The wholesale segment saw net sales of $515 million, down from $563 million the previous year, while the retail segment grew to $41 million, up from $36 million. Notably, comparable store sales for its brands—Donna Karan, DKNY, and Karl Lagerfeld—increased, signaling a positive trend in consumer demand.

G-Iii’s gross margin improved significantly to 64.9%, compared to 42.2% in the same period last year. Excluding the benefits from tariff recovery, the adjusted gross margin was 45.7%, which represents a 350 basis point increase year-over-year. This improvement was driven by pricing strategies implemented to counteract tariff impacts and a favorable shift towards higher-margin owned brands.

Strategic Initiatives

A major highlight from the earnings call was the announcement of the acquisition of the Marc Jacobs brand, which is expected to significantly enhance G-Iii’s portfolio. The acquisition, estimated at $500 million, allows G-Iii to own 100% of the operating company and control all aspects of the brand's operations including product development, sourcing, merchandising, and global marketing.

“We believe Marc Jacobs is a natural fit for our portfolio and aligns perfectly with the brand building model that has been so successful for us in the past,” stated CEO Morris Goldfarb.

The acquisition positions G-Iii to expand Marc Jacobs’ global presence while leveraging existing retailer relationships. This strategic move aims to tap into the brand’s potential, which is expected to generate significant royalty income and cash flow in the coming years.

Additionally, G-Iii is focusing on its core brands such as Donna Karan, which recorded a 40% growth in the first quarter driven by strong sell-throughs. Other brands like DKNY and Karl Lagerfeld are also showing promising growth, particularly in the North American market.

Future Outlook

Looking ahead, G-Iii has reaffirmed its guidance for fiscal 2027, projecting net sales to approximate $2.71 billion. This outlook reflects an 8% decline compared to the previous year, primarily due to the loss of revenues from Calvin Klein and Tommy Hilfiger products. However, the company expects its Go Forward portfolio to grow in the high single-digit range, demonstrating underlying strength.

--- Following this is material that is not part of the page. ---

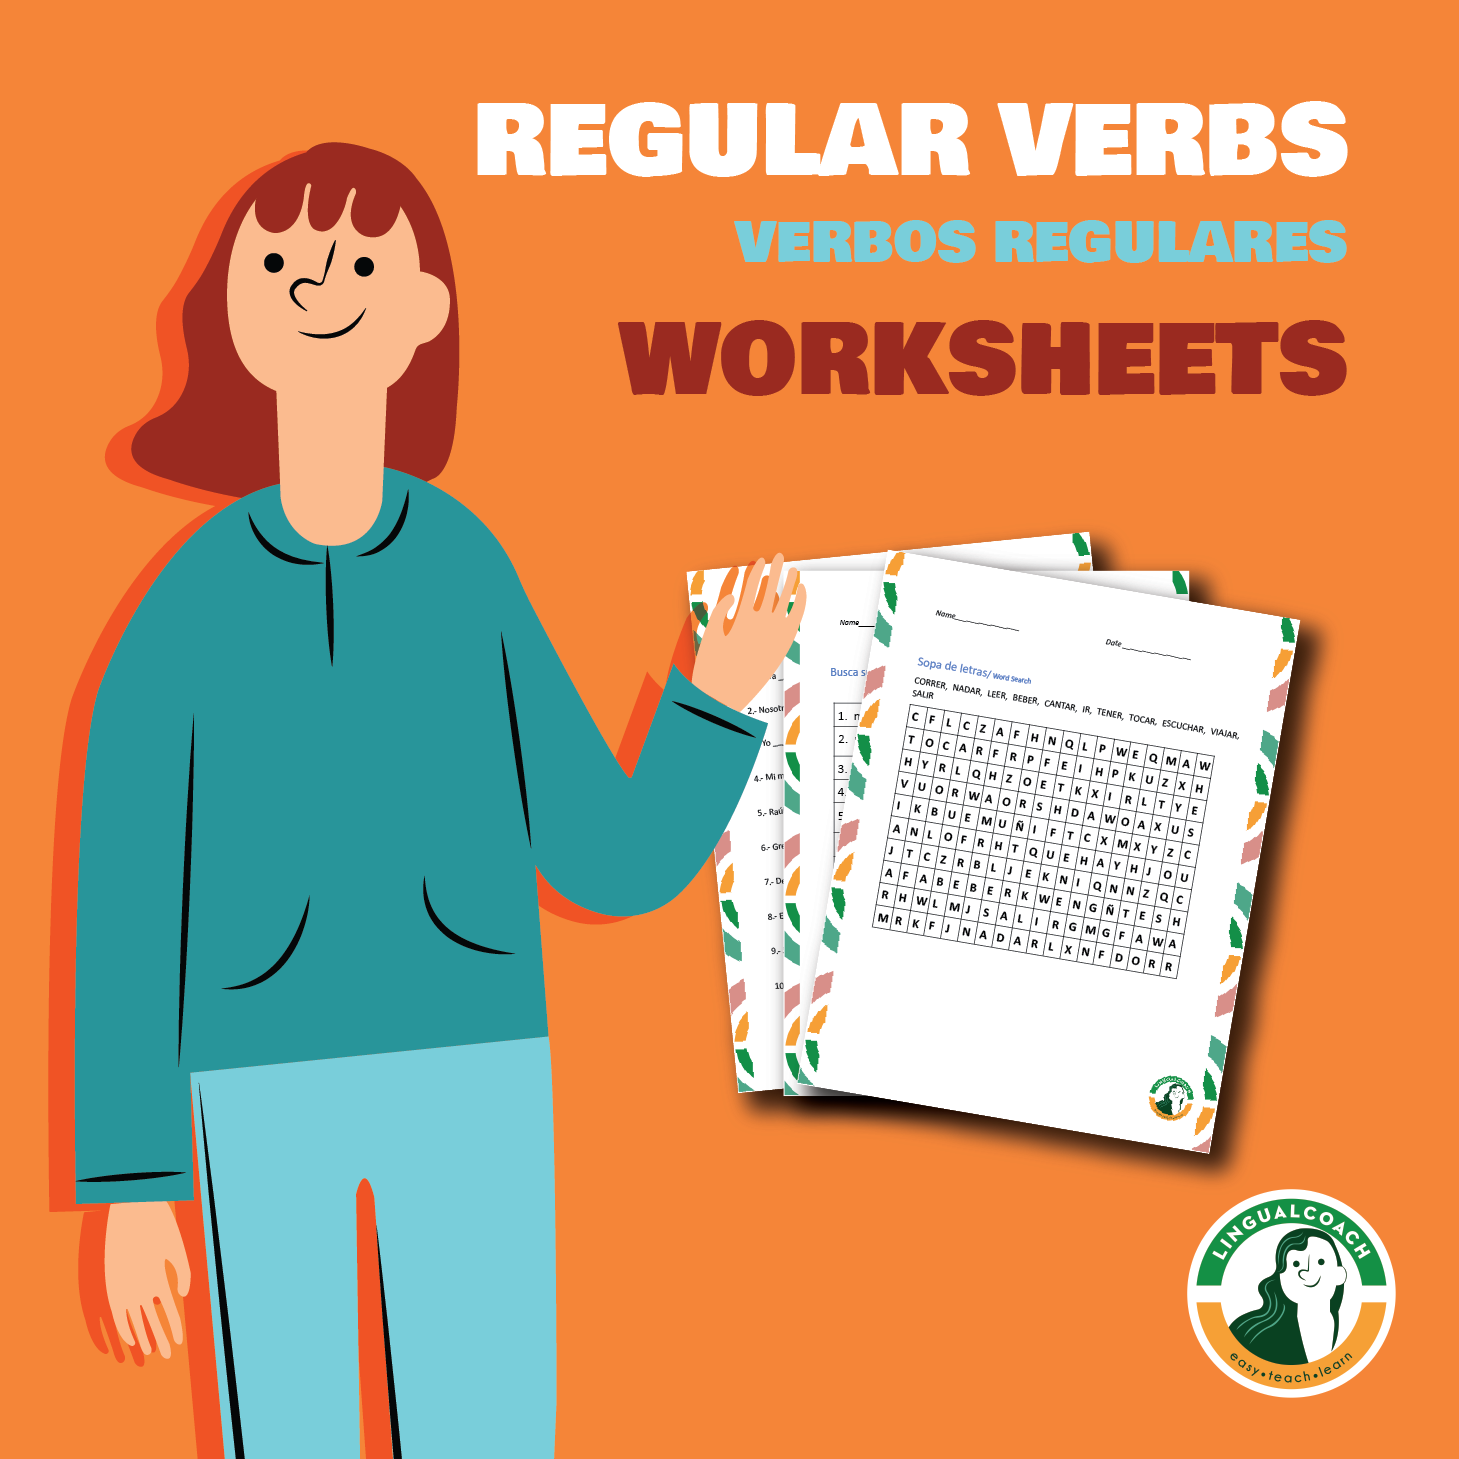 Spanish Regular Verbs Worksheets (Verbos Regulares)'s featured image

Management raised its guidance for non-GAAP earnings per share to a range of $2.15 to $2.25, an increase from the prior forecast of $2.00 to $2.10. This adjustment is attributed to better-than-expected gross margin performance and reflects G-Iii’s confidence in its operational strategies moving forward.

The company also anticipates gross margin expansion of approximately 400 basis points for the year, bolstered by the tariff recovery and a shift towards its owned brands. Capital expenditures are projected to be around $40 million for the fiscal year, with no anticipated share repurchases.

Closing Assessment

Overall, G-Iii Apparel Group Ltd is navigating a challenging retail environment while positioning itself for future growth through strategic acquisitions and brand development. The acquisition of Marc Jacobs is a significant step that could yield substantial long-term benefits in revenue and profitability. With a focus on enhancing its core brands and improving operational efficiencies, G-Iii appears well-equipped to adapt to market changes and capitalize on emerging opportunities.

This analysis is based on public earnings call materials and is not investment advice.